Texas: Vintage military plane crashes mid-air at Dallas air show



CNN

According to the Federal Aviation Administration, a Boeing B-17 Flying Fortress and a Bell B-63 Kingobra collided at the Wings Over Dallas air show around 1:20 p.m. Saturday.

Officers responded to the incident at Dallas Executive Airport, Jason Evans with Dallas Fire-Rescue told CNN on Saturday.

According to Dallas Mayor Eric Johnson, the death toll from the crash Saturday afternoon had not yet been confirmed.

However, the Allied Pilots Association, the labor union representing American Airlines pilots, identified two pilot retirees and former union members among those killed in the crash.

Former members Terry Barker and Len Rudd were among the crew in the B-17 Flying Fortress during the Wings Over Dallas air show.
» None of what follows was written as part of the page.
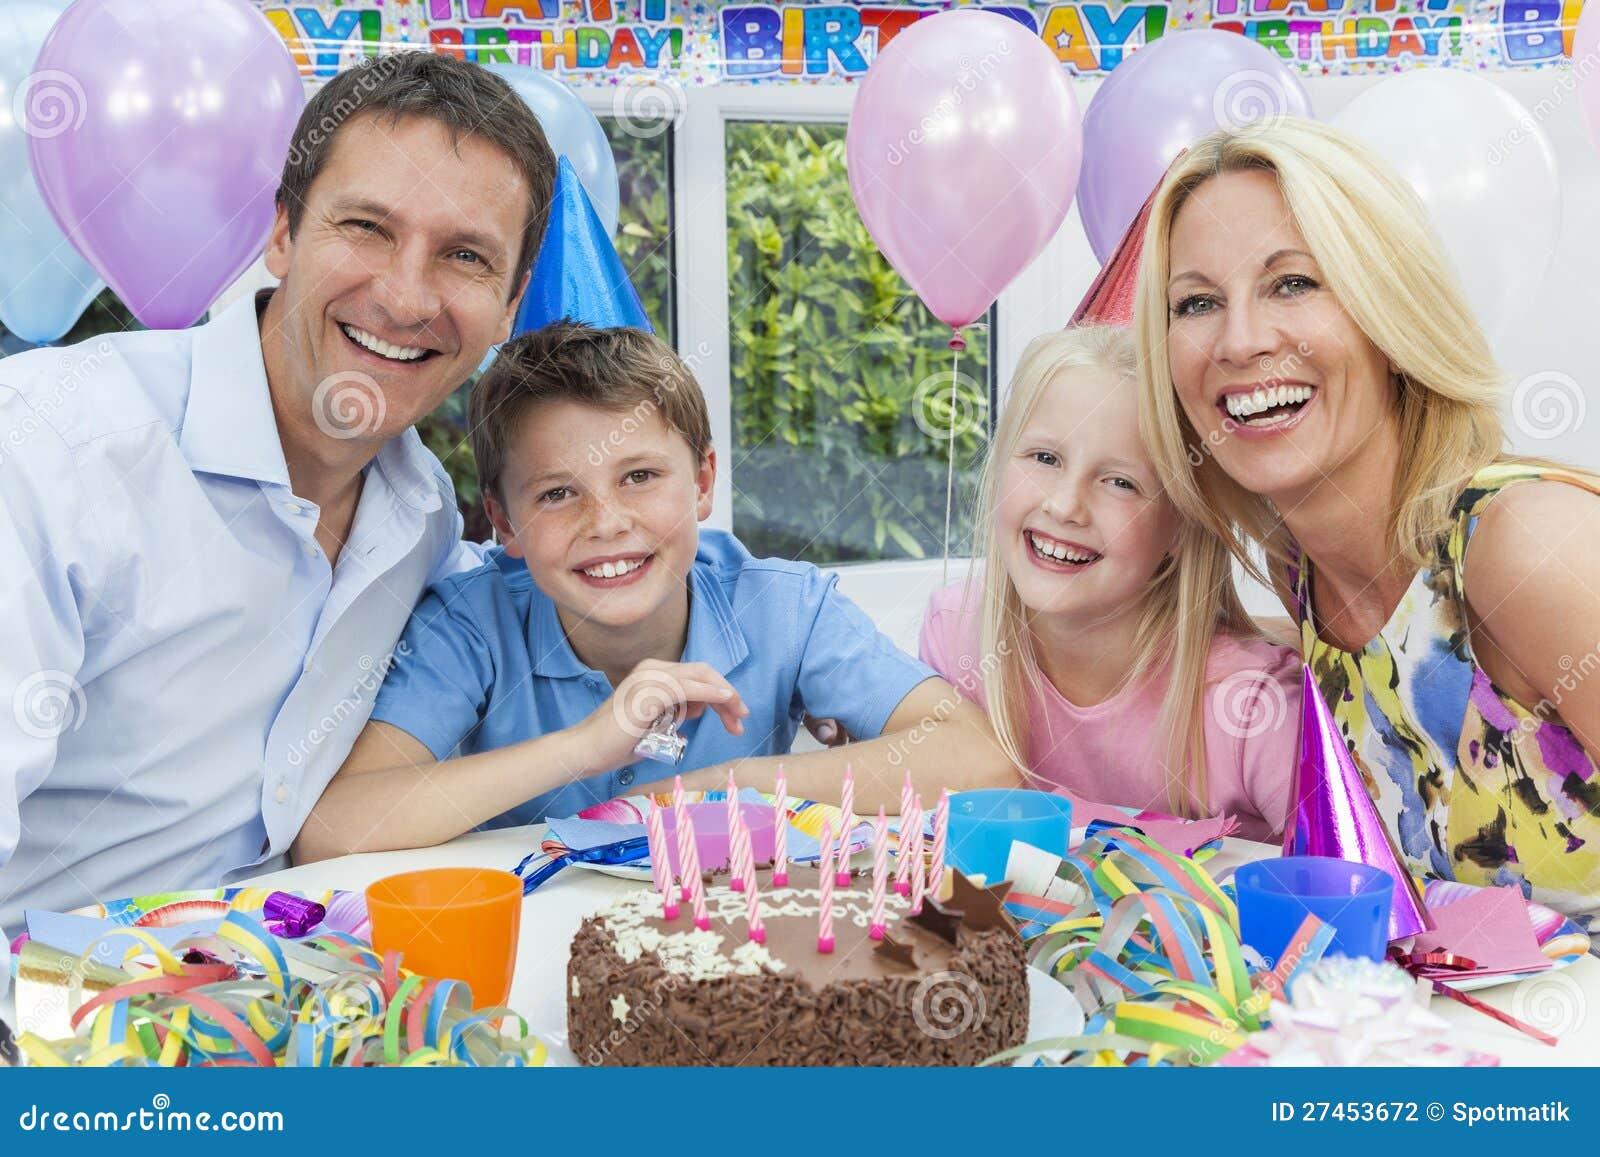 Сценарии дня рождения в кругу семьи без тамады

APA said in a tweet. APA also provides professional counseling services at their headquarters in Fort Worth following an incident.

“Our hearts go out to their families, friends and colleagues past and present,” their tweet said.

More than 40 fire and rescue units were on the scene after the collision, the agency’s active incidents page shows.

At a Saturday afternoon news conference, Hank Coates, president and CEO of the Air Force One, told reporters that the B-17 “typically has a crew of four to five people. That was the plane,” while the P-63 was a “one-pilot fighter.”

“I can tell you that it was generally the team,” Coates said. “I cannot release the number of people on the manifest or the names on the manifest until it is released by the NTSB.”

The Memorial Air Force identified both planes as being out of Houston.

“We do not have information on the condition of the flight crew at this time as emergency responders continue to attend to the crash,” said a statement from the group, which is working with local authorities and the FAA.

The FAA is currently leading the investigation, which will be turned over to the NTSB around 9 a.m. when an NTSB team arrives at the scene, Coates said.

On Saturday evening, the NTSB said it was launching a team to investigate the collision. The team is expected to arrive on Sunday, the NTSP said in a tweet.

“Member Michael Graham will serve as spokesperson on the scene,” the tweet added.

“The tricks they do [the aircraft] Passing is not dynamic,” Coates noted. “That’s what we call ‘bombers on parade.'”

Johnson tweeted on Saturday that no onlookers or others on the ground were injured, although the debris field from the collision included the Dallas Executive Airport field, Highway 67 and a nearby strip mall.

The event, which was scheduled to run until Sunday, has been canceled, according to the organizer’s website.

Johnson said in a tweet after the crash, “As many of you have seen by now, a terrible tragedy occurred today during an air show in our city. Many details are unknown or unconfirmed at this time.

“The videos are heartbreaking. Please say a prayer for the souls who have ascended to heaven to entertain and educate our families today,” Johnson said in a separate tweet.

The southbound and northbound lanes of the highway were closed following the incident. The Dallas Police Department said.

“It’s not about the plane. That’s not all,” Coates said during a news conference. “I can tell you that the planes are great planes, they’re safe. They’re very well maintained. The pilots are very well trained. So it’s hard for me to talk about this because I know all these people, they’re family, they’re good friends.

According to Coates, the people who fly the aircraft at CAF airshows are volunteers and undergo rigorous training. Many of them are airline pilots, retired airline pilots or retired military pilots, Coates said.

The B-17 was part of a commemorative Air Force collection, nicknamed the “Texas Raiders,” and was hanged in Conroe, Texas, near Houston. It is one of only 45 surviving complete examples of the model, only nine of which are airworthy.

The P-63 was even rarer. About 14 examples are known to survive, including four owned by aircraft in the United States. Memorial Air Force.

More than 12,000 B-17s were produced Boeing, Douglas Aircraft and Lockheed lost nearly 5,000 during the war between 1936 and 1945, and most of the rest were scrapped in the early 1960s. About 3,300 P-63s were produced by Bell Aircraft between 1943 and 1945, and were mainly used by the Soviet Air Force in World War II.